> Exercise
Return exactly those lines of the material below that fall between the line holding "Styled knot, 3x" and the line holding "Rei Kawakubo (Japanese, born", inclusive.
*** Supplied material
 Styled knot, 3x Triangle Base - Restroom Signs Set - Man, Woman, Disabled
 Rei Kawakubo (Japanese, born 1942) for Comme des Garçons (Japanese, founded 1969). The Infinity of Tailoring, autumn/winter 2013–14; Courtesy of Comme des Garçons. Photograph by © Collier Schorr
******
*** Supplied material
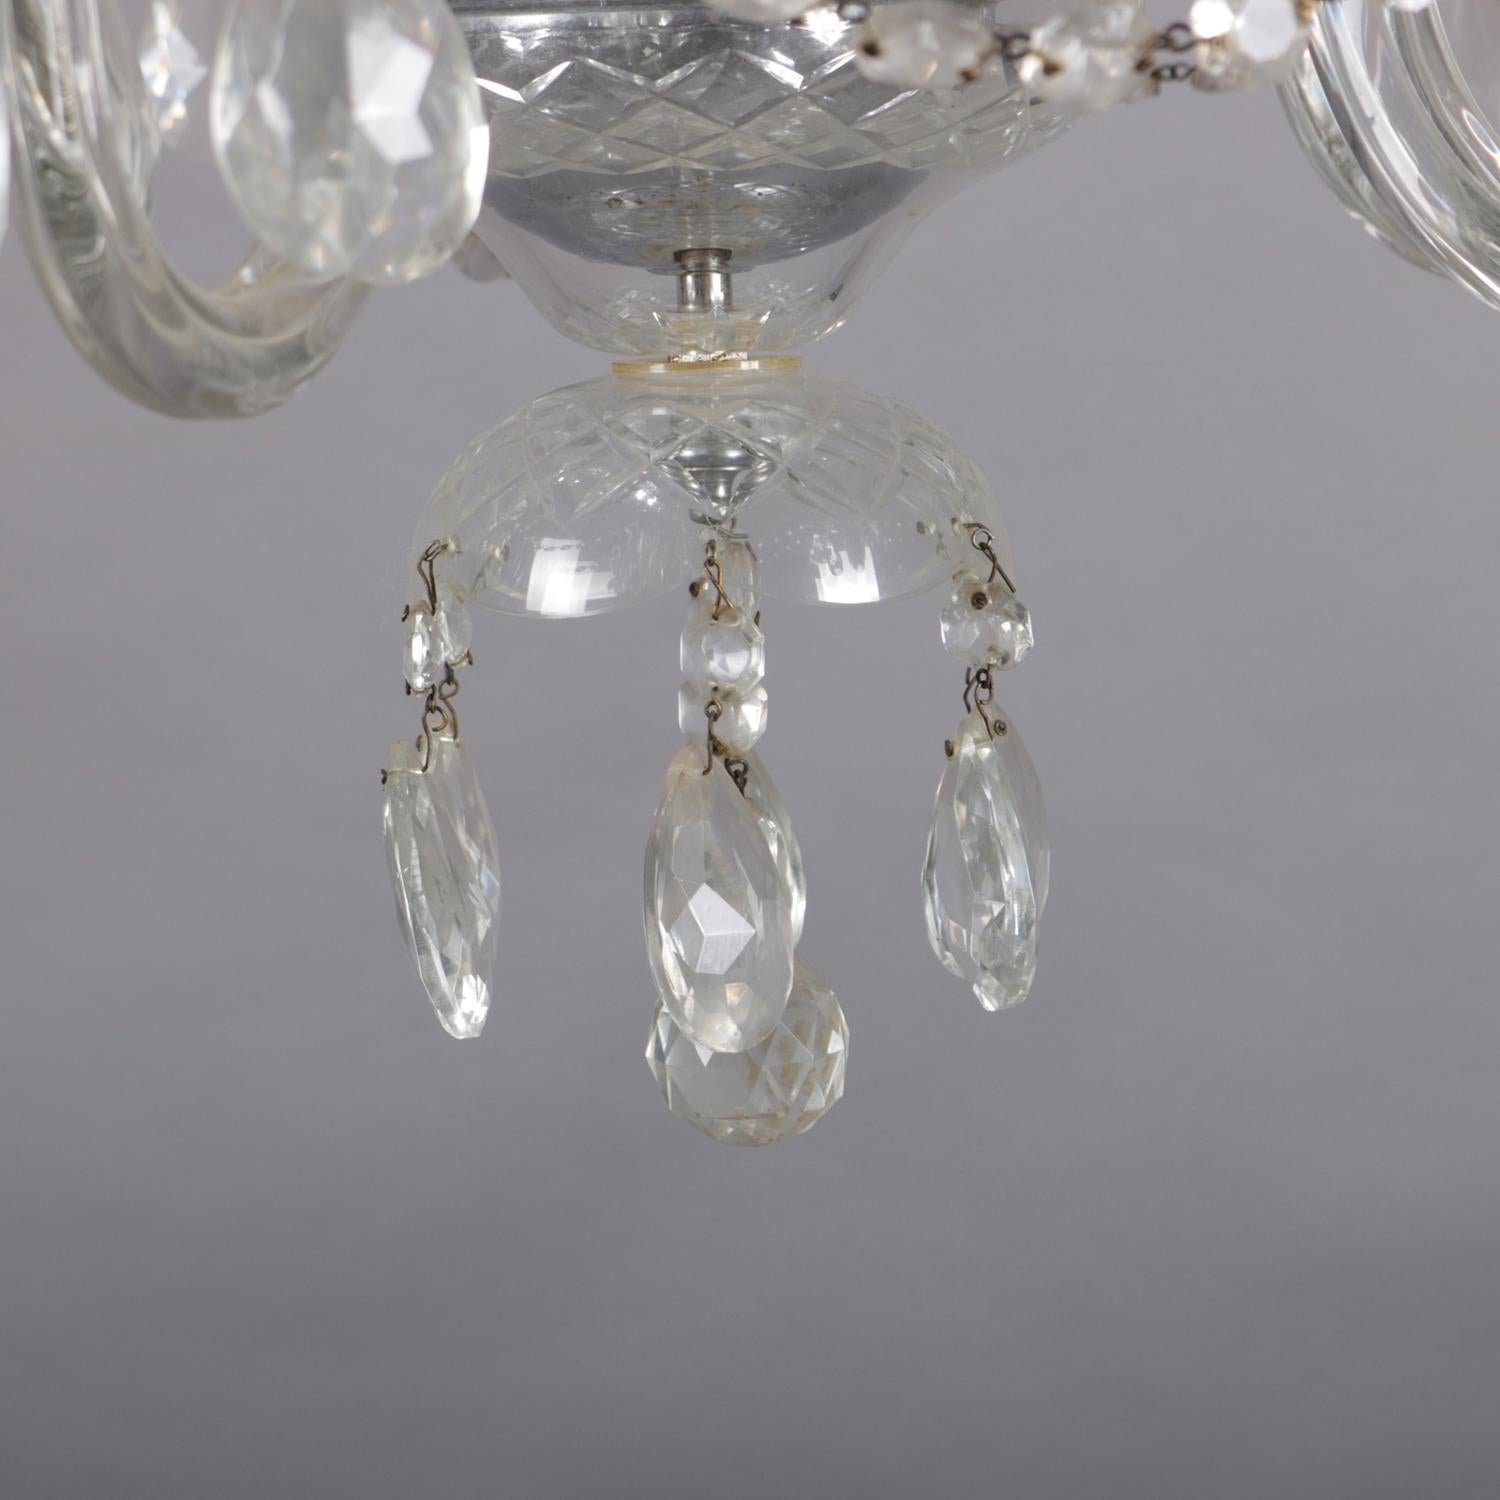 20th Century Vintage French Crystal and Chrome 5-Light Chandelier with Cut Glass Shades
******
*** Supplied material
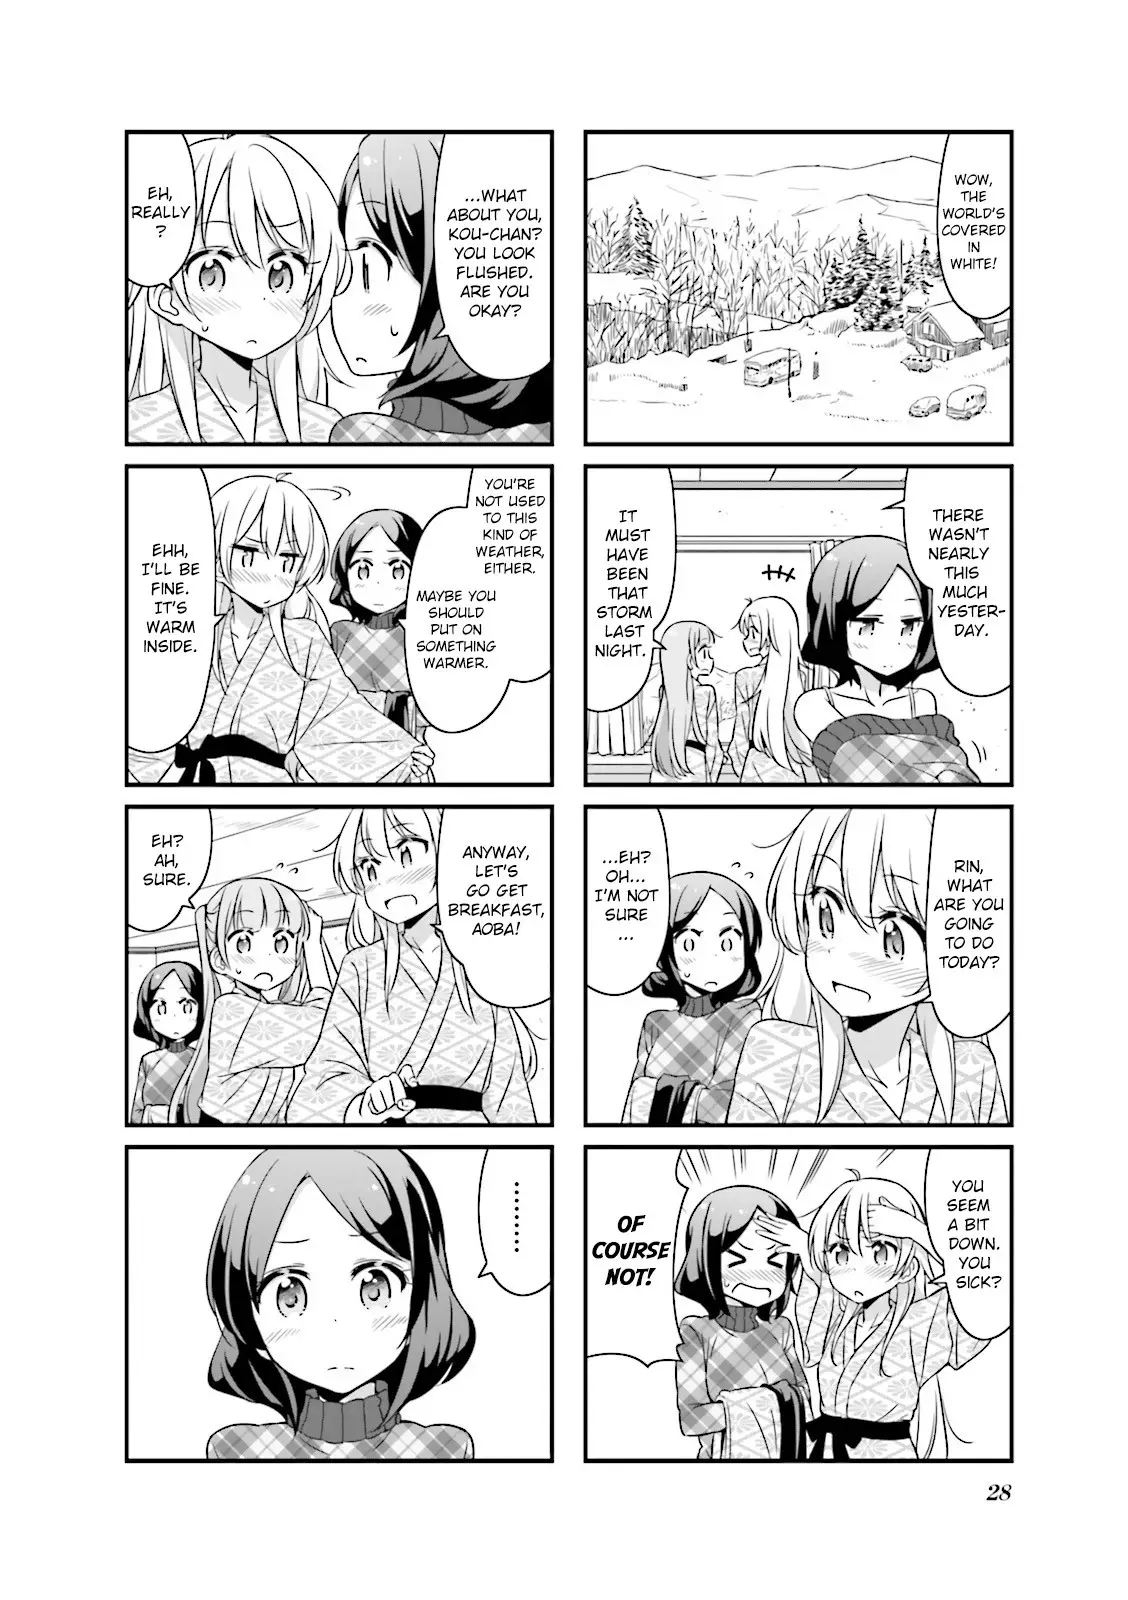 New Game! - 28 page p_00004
******
> Answer to the problem
 Styled knot, 3x Triangle Base - Restroom Signs Set - Man, Woman, Disabled
 Rei Kawakubo (Japanese, born 1942) for Comme des Garçons (Japanese, founded 1969). The Infinity of Tailoring, autumn/winter 2013–14; Courtesy of Comme des Garçons. Photograph by © Collier Schorr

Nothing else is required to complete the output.